Description
2 volumes, 8vo. pp. xii, 440; xii, [441]-911. 20 plates (1 tinted lithograph, 2 steel engraved portraits & 17 wood-engravings), 7 maps (3 folding 1 in rear pocket, 2 double-page) & numerous text illustrations and maps (several full-page). Bound in brown gilt-decorated pebbled cloth, spine extremities and hinges worn, internally very good. Front hinge of Volume 2 cracked, with tissue guard removed. All maps and illustrations present, including folding map in the rear pocket of Volume I.

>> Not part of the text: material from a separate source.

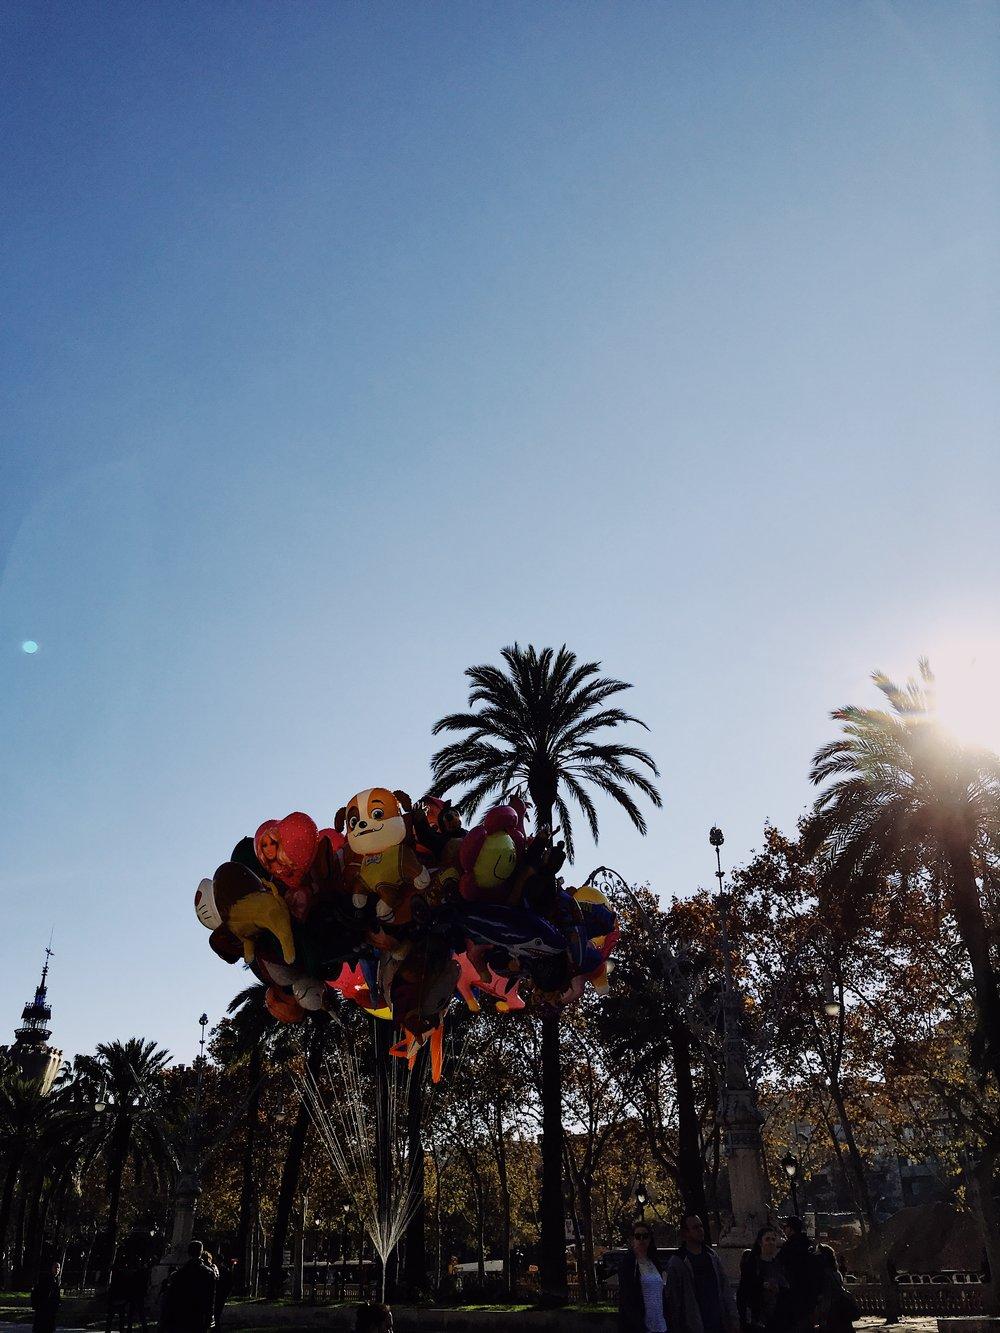 Barcelonaballoons.jpg

“George W. De Long (1844-81) was a US Navy officer who set out to find a new route to the North Pole via the Bering Strait. During his voyage, which left San Francisco in 1879, he claimed the De Long Islands for the USA. But when his vessel, the Jeannette, sank, the crew abandoned ship, and he eventually died of starvation in Siberia. Compiled by his wife from his journals and the testimony of the survivors, these two volumes document De Long”s doomed expedition. First published in 1883, Volume 2 records the Jeannette”s final wreckage, and the crew”s continuation of their perilous mission in smaller boats. It concludes with the discovery of De Long”s records, and later his remains, by surviving crew member George Melville. Providing a vivid account of nineteenth-century polar exploration, it remains of great interest to scholars of geography and maritime studies.”